Zu Beginn ordnen Sie den frisch vorbereiteten Filter sterilisiert Blockierungspuffer, 10X Reaktionspuffer eins und zwei auf einer Arbeitsplattform an. Offene Röhrchen mit 2,5 Millilitern Sperrpuffer und fünf Millilitern Reinstwasser in einen Exsikkator geben und unter Vakuum entgasen. Lassen Sie nach 15 Minuten den Druck ab und entfernen Sie die Schläuche.
Legen Sie die vorbereitete Biotin-PEG-Durchflusszellenbaugruppe auf einen Mikroskoptisch und befestigen Sie sie an jedem Ende mit Klebekitt. Verbinden Sie den Auslassschlauch der Durchflusszelle über eine Nadel mit der Spritzenpumpe. Schalten Sie die Objektivheizung auf 30 Grad Celsius ein.
Befestigen Sie ein bis zwei Milliliter entgastes Wasser in einem Rohr an einem separaten Stück Klebespachtel in der Nähe der Durchflusszelle. Führen Sie den Zulaufschlauch bis zum Boden in den Schlauch ein und lassen Sie Wasser durch den Kanal fließen. Erhöhen Sie die Durchflussrate, um eingeschlossene Blasen in der Nähe des Einlassschlauchs zu entfernen.

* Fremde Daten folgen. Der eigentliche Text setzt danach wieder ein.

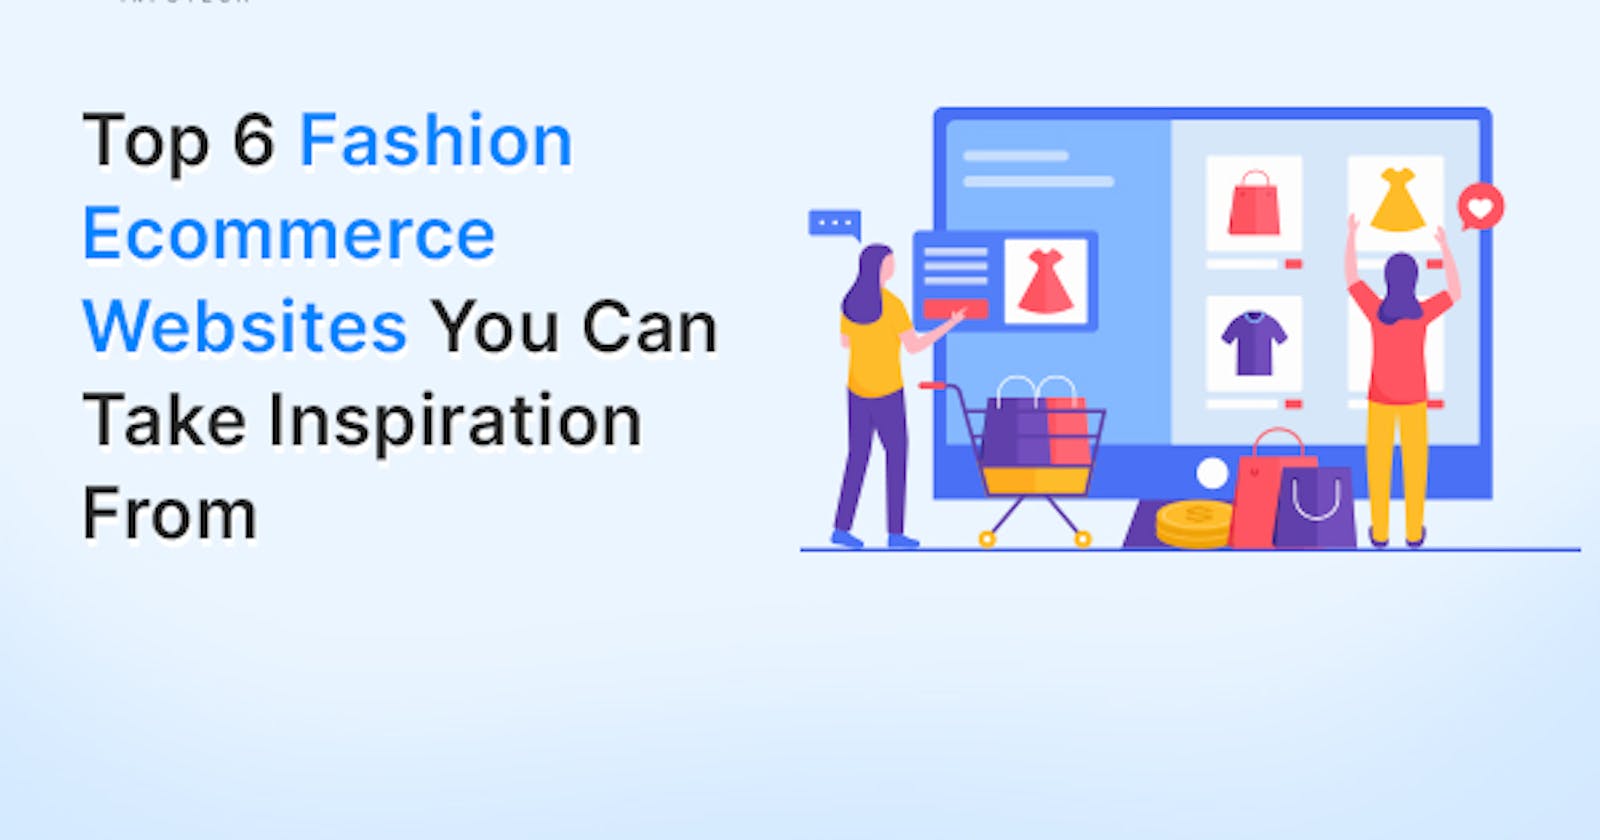 Top 6 Fashion Ecommerce Websites You Can Take Inspiration From

100 Mikroliter entgaster Blockierungspuffer werden zu einem 20-Mikroliter-Aliquot von einem Milligramm pro Milliliter Streptavidin gegeben. Befestigen Sie das offene Rohr an Klebekitt. Übertragen Sie den Einlassschlauch aus dem Wasser auf das Streptavidin und starten Sie den Durchfluss zwei Minuten lang mit einer Geschwindigkeit von 40 Mikrolitern pro Minute.
Nach fünf Minuten waschen Sie überschüssiges Streptavidin mit dem Blockierungspuffer aus. Fluss in biotinylierter DNA, verdünnt in einem Blockpuffer, der 25 nanomolare SYTOX Orange enthält. Bild mit Live-View mit dem 532-Nanometer-Laser, um die DNA-Bindung an die Oberfläche in Echtzeit zu beobachten.
Sobald die gewünschte DNA-Dichte auf der Oberfläche erreicht ist, wird ein Blockierungspuffer mit 25 nanomolaren SYTOX eingegossen, um die freie DNA auszuwaschen. Nun fließen und biotinylierter Anti-Digoxigenin-Antikörper in einem Blockierungspuffer verdünnt werden, der 25 nanomolare SYTOX Orange enthält. Waschen Sie den biotinylierten Anti-Digoxigenin-Antikörper und SYTOX Orange mit Blockierungspuffer aus.
Lassen Sie 50 Mikroliter ATP-gamma-S in die Durchflusszelle mischen. Geben Sie die gereinigte CMG-Helikase zu etwa 100 nanomolaren Endkonzentrationen in 30 Mikrolitern ATP-gamma-S-Mischung hinzu und fließen Sie bei 20 Mikrolitern pro Minute für 20 Mikroliter. 15 Minuten inkubieren.
Als nächstes fließen Sie die ATP-RPA-Mischung mit 40 Mikrolitern pro Minute für 80 Mikroliter ein. Visualisieren und erfassen Sie mit jedem Laser mit einer Belichtungszeit von 50 bis 100 Millisekunden EGFP RPA mit einem 488-Nanometer-Laser und dann CMG mit einem 640-Nanometer-Laser. Visualisieren und erfassen Sie schließlich SYTOX Orange-gefärbte DNA mit einem 532-Nanometer-Laser.
Die CMG-Helikase-Abwicklung der DNA wurde durch das lineare Wachstum der gelben RPA visualisiert, das im Laufe der Zeit verfolgt wurde und auf die abgewickelten DNA-Stränge hinweist. Einzelsträngige DNA-Schäden reduzierten die Anzahl der beobachteten erfolgreichen Abwicklungsereignisse, wie weniger vollständige Spuren in den Daten zeigen.